Возвращаюсь в нашу переписку, перечитываю его сообщения — нет, там слишком мало информации, чтобы понять. Хотя нет, вот же ссылка, которую я открывала, но она не загрузилась.
Индикатор связи показывает целых две черточки — но этого все равно мало. Зато я могу позвонить. С двумя делениями я вполне могу набрать сначала Артура, а потом Дениса — но пока всё-таки попытаюсь открыть эту злосчастную ссылку. Почему-то я уверена в том, что ничего хорошего она мне не покажет.
Предчувствия меня, конечно, не подводят. Хотя, нет, подводят — масштаб проблем оказывается… явно мною приуменьшен.
Нет, я могла предположить подобие срыва у одного-двух подростков и толпу разъяренных матерей, способных под горячую руку на открытую агрессию. Но загрузившаяся, пусть не сразу, ссылка выводит меня в знакомое место — в паблик Кристины… О, она успела снова его открыть. Значит, я не ошиблась в своих старых прогнозах — вот первое, о чем я думаю, прежде чем успеваю осознать, что вижу перед собой — большой пост, озаглавленный: «Никогда не говори «Никогда». И фото, фото, бесконечные фото, которые в совокупности производят впечатление… откровенно говоря, отталкивающее.

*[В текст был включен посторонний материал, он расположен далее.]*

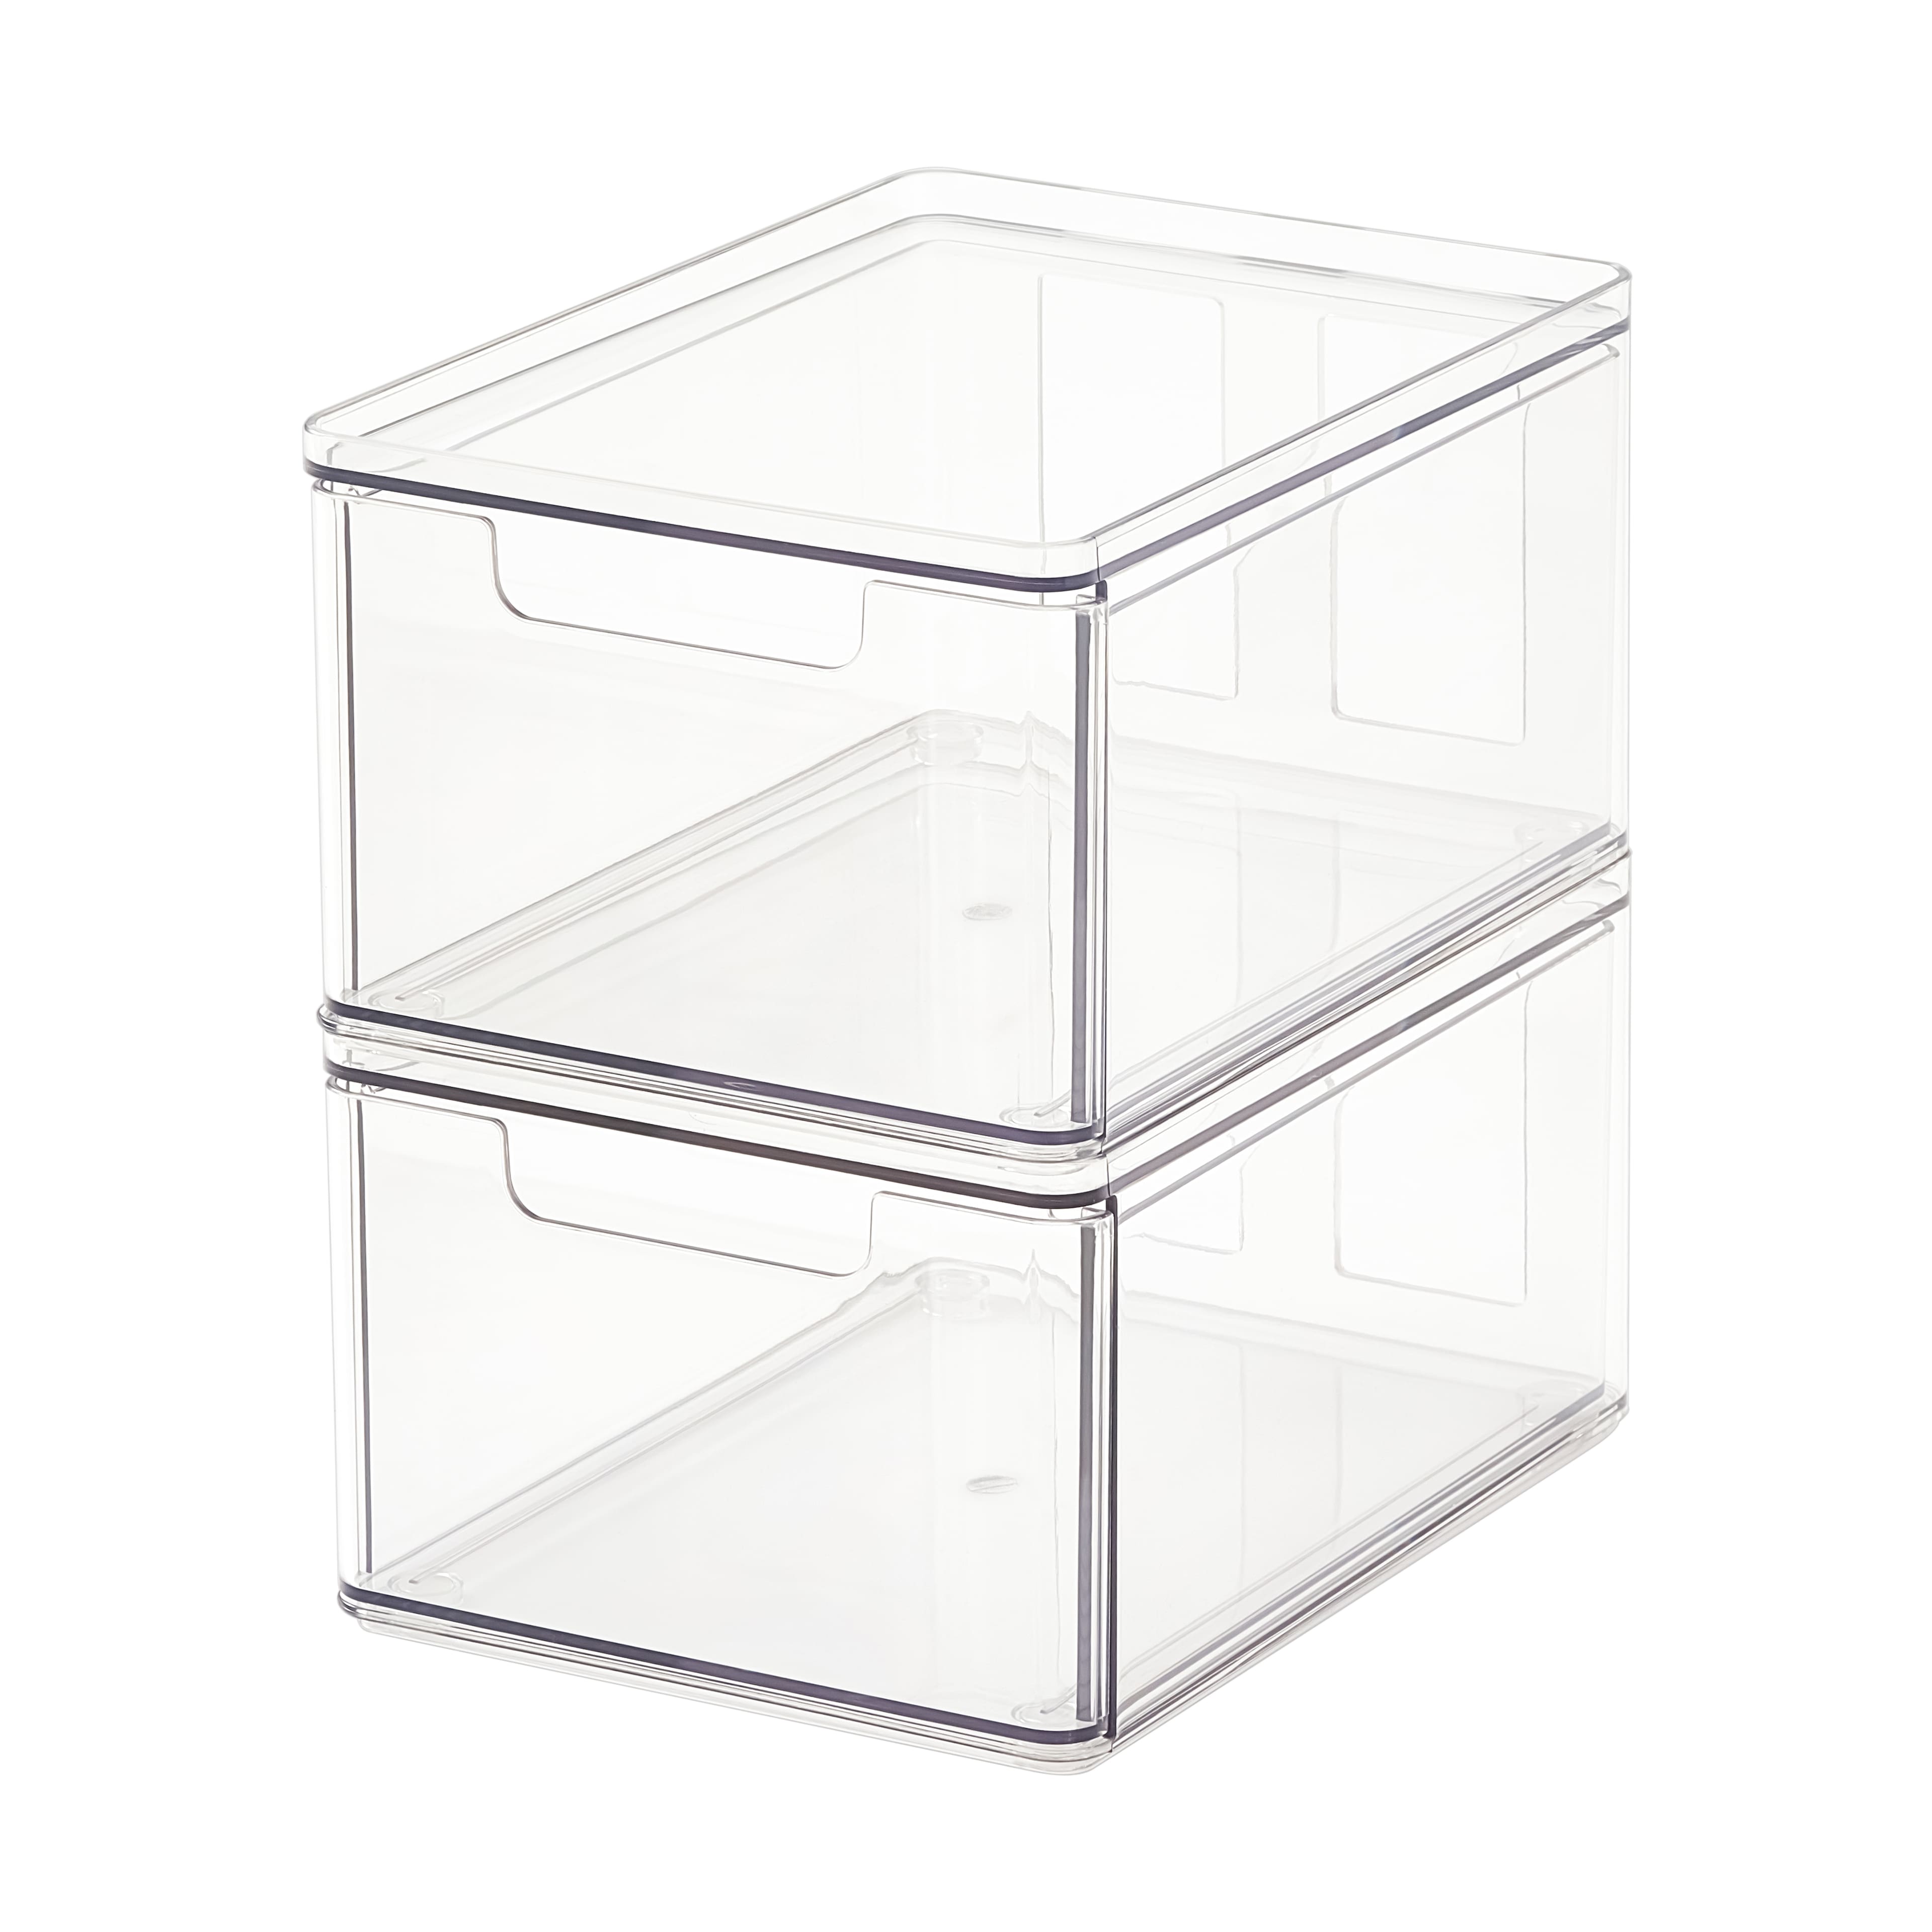 Performance Tool W5910 2-Drawer Interlocking Bin Design with Transparent  Drawers for Tool Storage - Stackable, Wall Mountable - 11.25-Inch W x

— Вот же сучка! — не сдержавшись, громко ругаюсь я, чем заслуживаю новый порицающий взгляд чопорной дамы, которая, однако, в этот раз хранит молчание. Зато со стороны шушукающихся девочек ко мне долетает отчётливое:
— Кто бы говорил!
— Да-да!
— Фу такой быть…
Эти несмелые выпады оставляют меня абсолютно равнодушной, потому что кроме этой чертовой статьи взволновать и вызывать отклик во мне не может больше ничего.
Конечно же, первым делом, мой взгляд упирается в фотографии — во-первых, профессиональная пристрастность, во-вторых… они мои! Мои фотографии, мои исходники! Но размещены они в чужом паблике, без моего на то согласия, и первая спасительная мысль, чтобы как-то противостоять надвигающемуся маразму — надо связаться с Настей, пусть найдёт мне хорошего юриста в сфере авторских прав. Потому что фотки краденые, причём самым идиотским способом. Кажется, что из пары сотен снимков, которые были сделаны в кофейне Дэна, Крис нарочно отобрала самые худшие.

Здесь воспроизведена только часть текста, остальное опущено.